PTI Washington | Updated on August 22, 2019 Published on August 22, 2019

File Photo of US President Donald Trump.   -  Reuters

A day after considering cutting taxes to promote economic growth, President Donald Trump changed course and said he would abandon the idea because the nation already had “a strong economy.”

Trump’s flip-flop on Wednesday came after recent market volatility and economic uncertainty, and amid a debate about whether the United States was heading for a slowdown that would imperil his re-election chances.

Trump earlier this week acknowledged, for the first time, that his China trade policies may mean economic pain for Americans, though he insisted the tariffs are needed for more important long-term benefits.

But his consideration of cutting payroll taxes appeared short-lived.

“I’m not looking at a tax cut now,” he told reporters at the White House.

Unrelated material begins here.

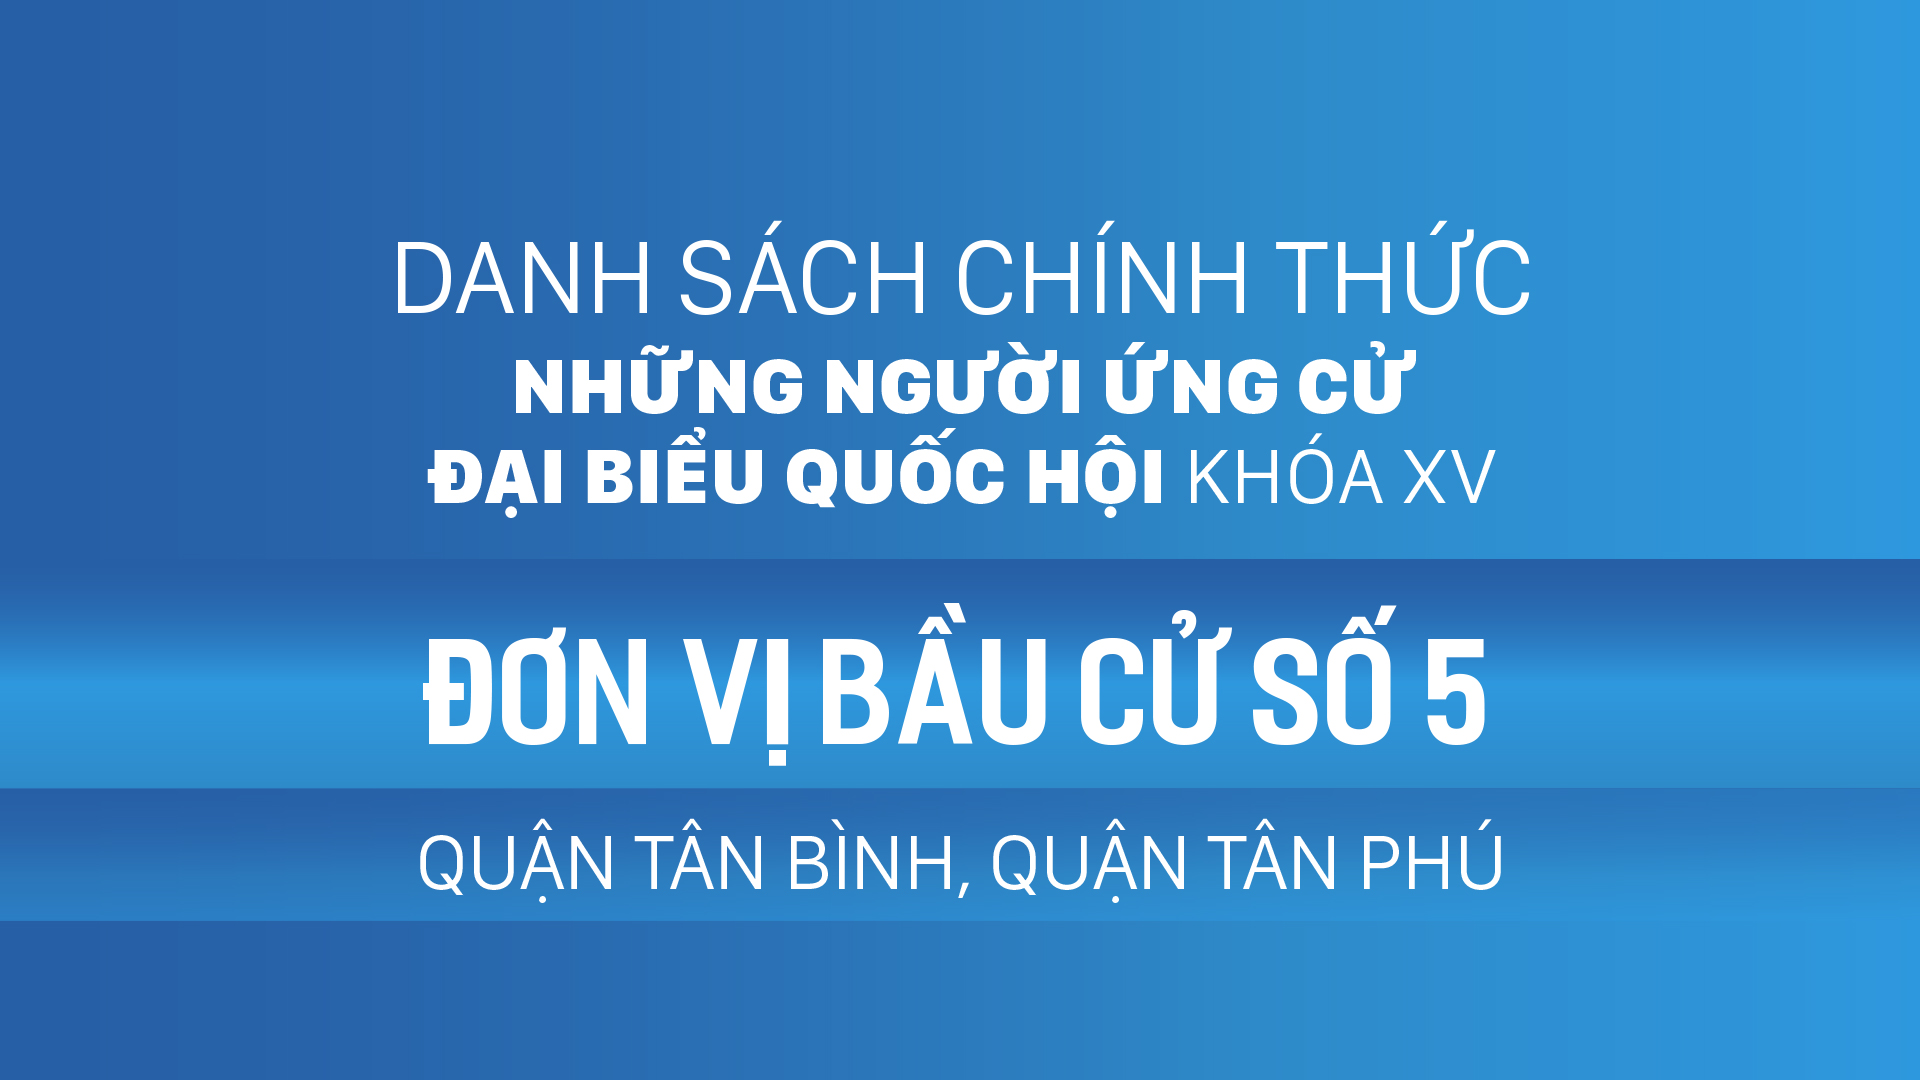 Đơn vị bầu cử số 5 (quận Tân Bình, quận Tân Phú)

“We don’t need it. We have a strong economy.”

Trump also knocked down the idea of indexing to the capital gains tax, which applies when investors sell assets, to inflation.

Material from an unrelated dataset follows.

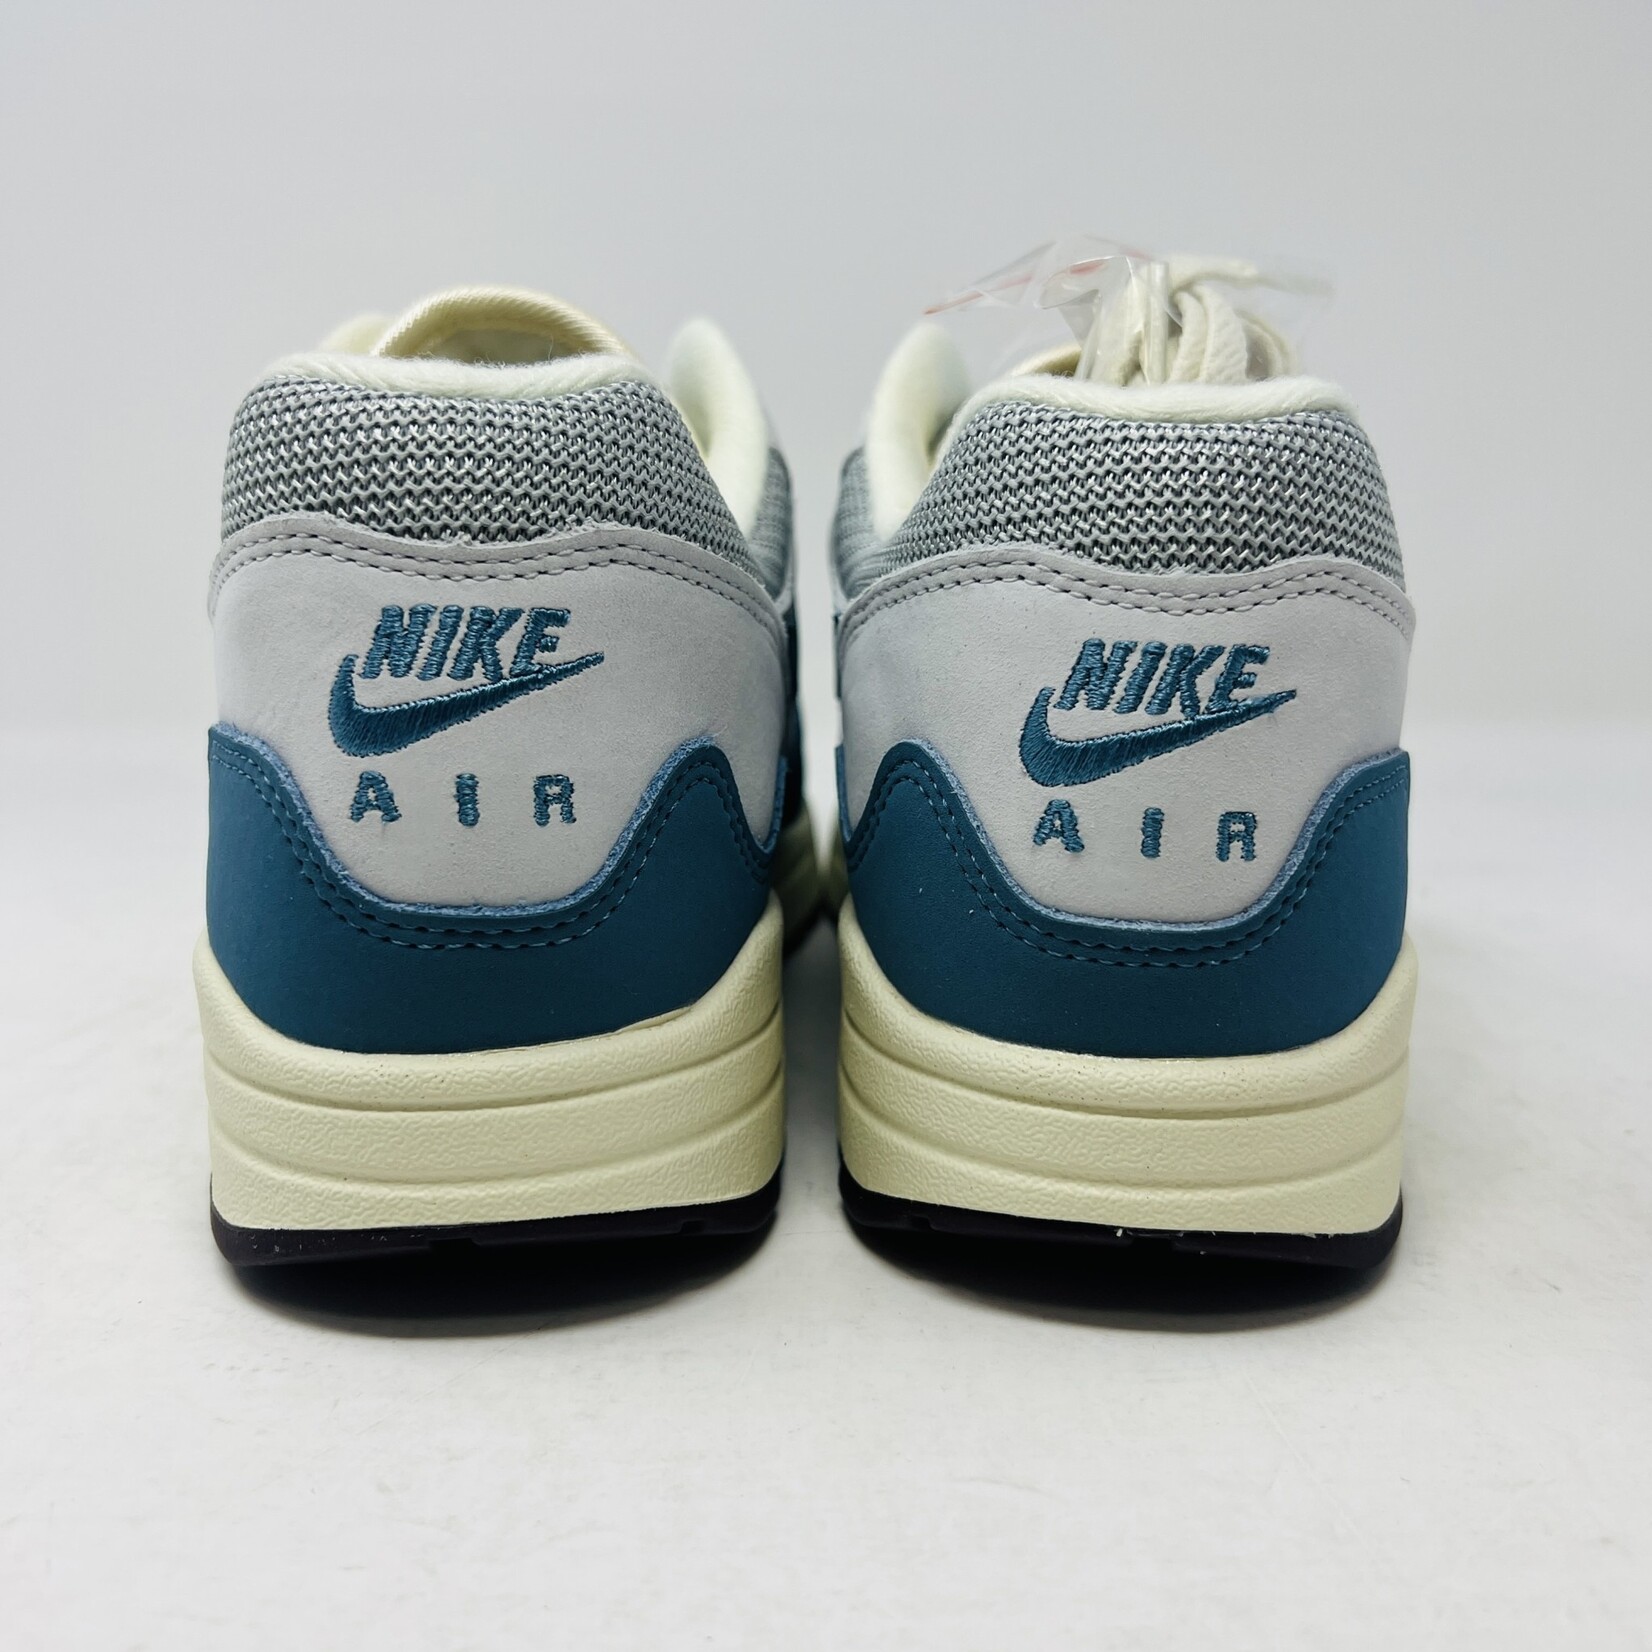 Nike Nike Air Max 1 Patta Waves Noise Aqua

He said he feared “it will be perceived, if I do it, as somewhat elitist.”

Analysts have warned that a slowdown, if not full-blown recession, could hit before next year’s election.

Trump, however, has largely praised the economy’s performance and his handling of it.

He has often blamed the Federal Reserve (and Chairman Jerome Powell) and the global slowdown for creating dark clouds at home.

“Jay Powell and the Federal Reserve have totally missed the call. I was right and just about everybody admits that,” Trump said Wednesday.

“He raised interest rates too fast, too furious, and we have a normalised rate. And now we have to go the other direction.”

Trump indicated he had no choice but to impose the trade penalties that have been a drag on US manufacturers, financial markets and, by some measures, American consumers.

China, though, said trade with the US has been “mutually beneficial” and appealed to Washington to “get along with us.”

A foreign ministry spokesman, Geng Shuang, expressed hope Washington can “meet China halfway” in settling disagreements.

The US economy appears to be showing vulnerabilities after more than 10 years of growth. Factory output has fallen and consumer confidence has waned as he has ramped up his trade fight with China.

Trump rattled the stock and bond markets this month when he announced plans to put a 10 per cent tax on $300 billion worth of Chinese imports.

The market reaction suggested a recession might be on the horizon and led Trump to delay some of the tariffs that were scheduled to begin in September, though 25 per cent tariffs are already in place for USD 250 million in other Chinese goods.